Time Period3 Months [change]
DirectionMoves Against 
StrengthInsignificant
Accuracy95.45%
ValuesDaily Returns

CGX Energy  vs.  Pancontinental Oil Gas

 Performance 
       Timeline  
CGX Energy 

Risk-Adjusted Performance

5 of 100

 
Weak
 
Strong
Modest
Compared to the overall equity markets, risk-adjusted returns on investments in CGX Energy are ranked lower than 5 (%) of all global equities and portfolios over the last 90 days. Despite nearly weak technical and fundamental indicators, CGX Energy reported solid returns over the last few months and may actually be approaching a breakup point.
Pancontinental Oil Gas 

Risk-Adjusted Performance

7 of 100

 
Weak
 
Strong
OK
Compared to the overall equity markets, risk-adjusted returns on investments in Pancontinental Oil Gas are ranked lower than 7 (%) of all global equities and portfolios over the last 90 days. Despite nearly weak technical and fundamental indicators, Pancontinental Oil reported solid returns over the last few months and may actually be approaching a breakup point.

CGX Energy and Pancontinental Oil Volatility Contrast

   Predicted Return Density   
       Returns  

Pair Trading with CGX Energy and Pancontinental Oil

The main advantage of trading using opposite CGX Energy and Pancontinental Oil positions is that it hedges away some unsystematic risk. Because of two separate transactions, even if CGX Energy position performs unexpectedly, Pancontinental Oil can make up some of the losses. Pair trading also minimizes risk from directional movements in the market.

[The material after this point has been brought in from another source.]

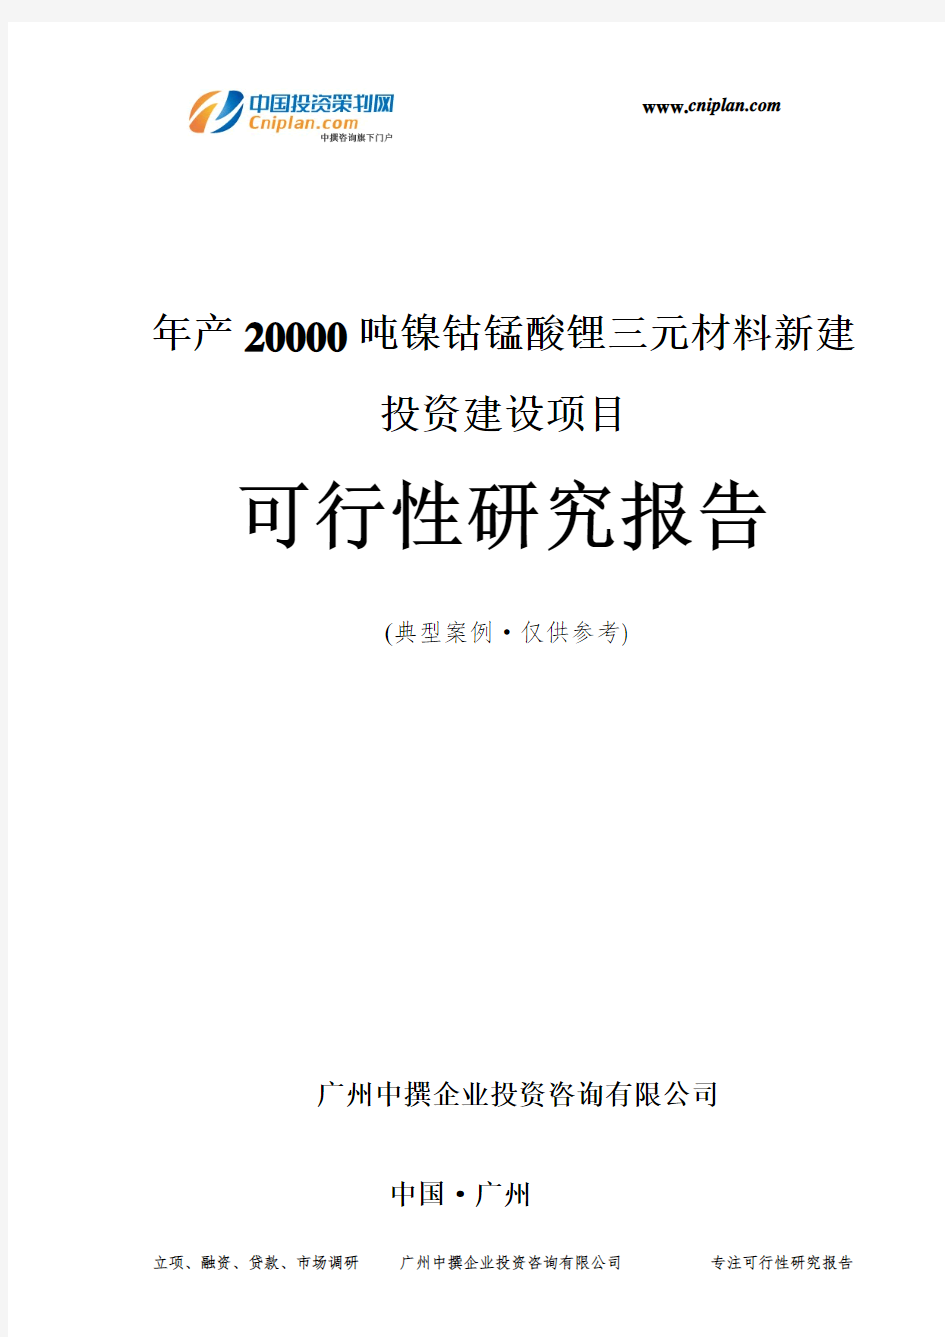 年产20000吨镍钴锰酸锂三元材料新建投资建设项目可行性研究报告-广州中撰咨询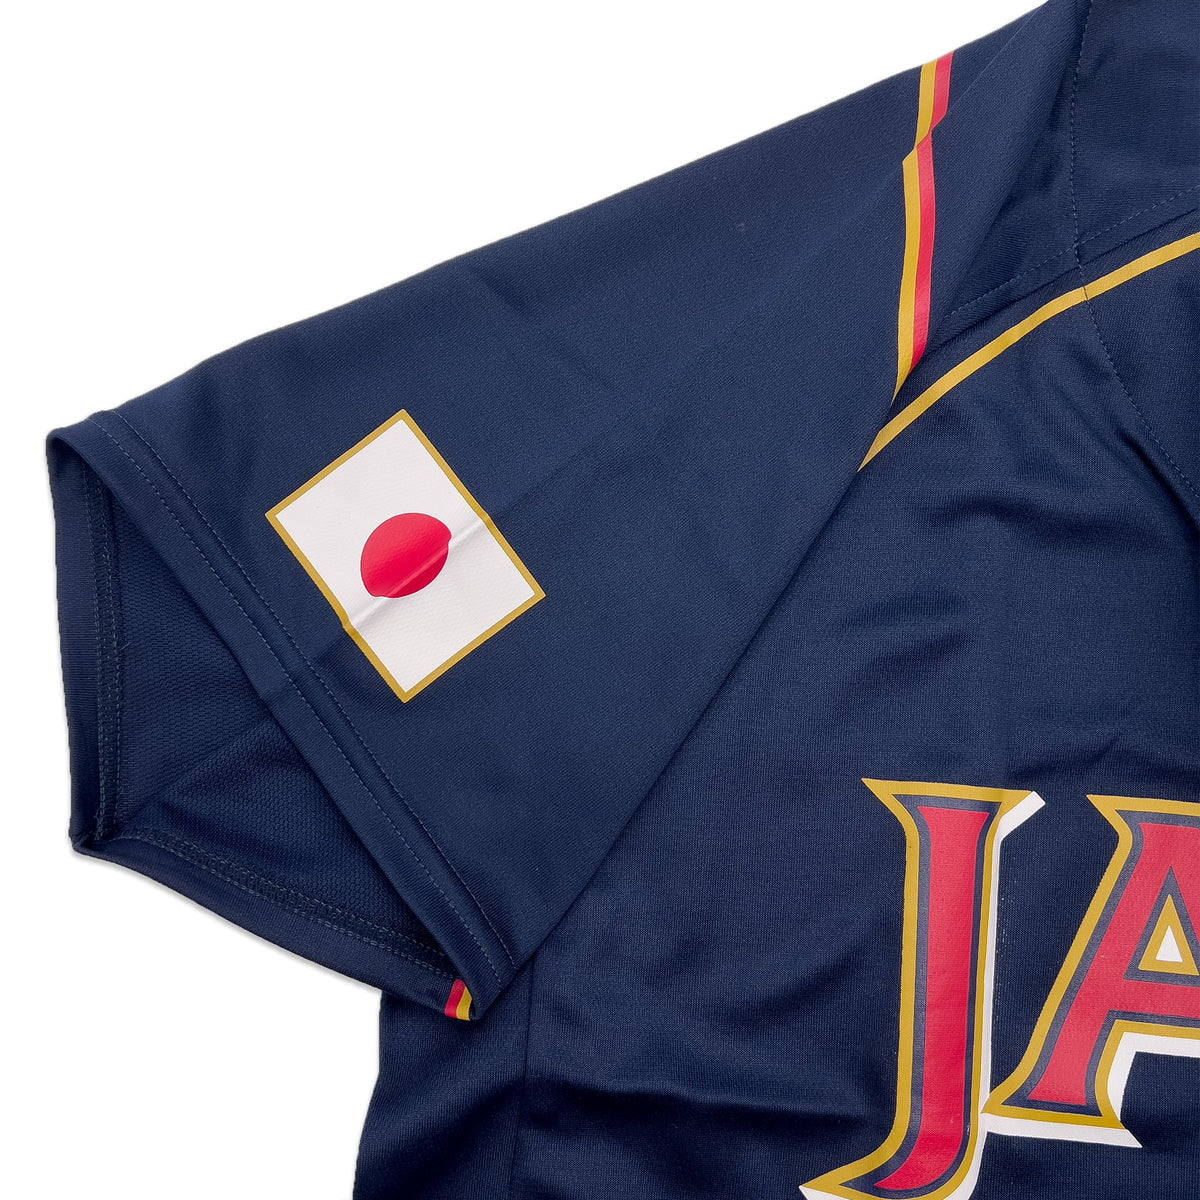 Majestic Japan WBC 2013 World Baseball Classic Shinnosuke Abe Jersey #46 Blue - Sugoi JDM

For example, if an entire industry or sector drops because of unexpected headlines, the short position in Pancontinental Oil will offset losses from the drop in Pancontinental Oil's long position.
The idea behind CGX Energy and Pancontinental Oil Gas pairs trading is to make the combined position market-neutral, meaning the overall market's direction will not affect its win or loss (or potential downside or upside). This can be achieved by designing a pairs trade with two highly correlated stocks or equities that operate in a similar space or sector, making it possible to obtain profits through simple and relatively low-risk investment.
Check out your portfolio center.
Note that this page's information should be used as a complementary analysis to find the right mix of equity instruments to add to your existing portfolios or create a brand new portfolio. You can also try the Portfolio Diagnostics module to use generated alerts and portfolio events aggregator to diagnose current holdings.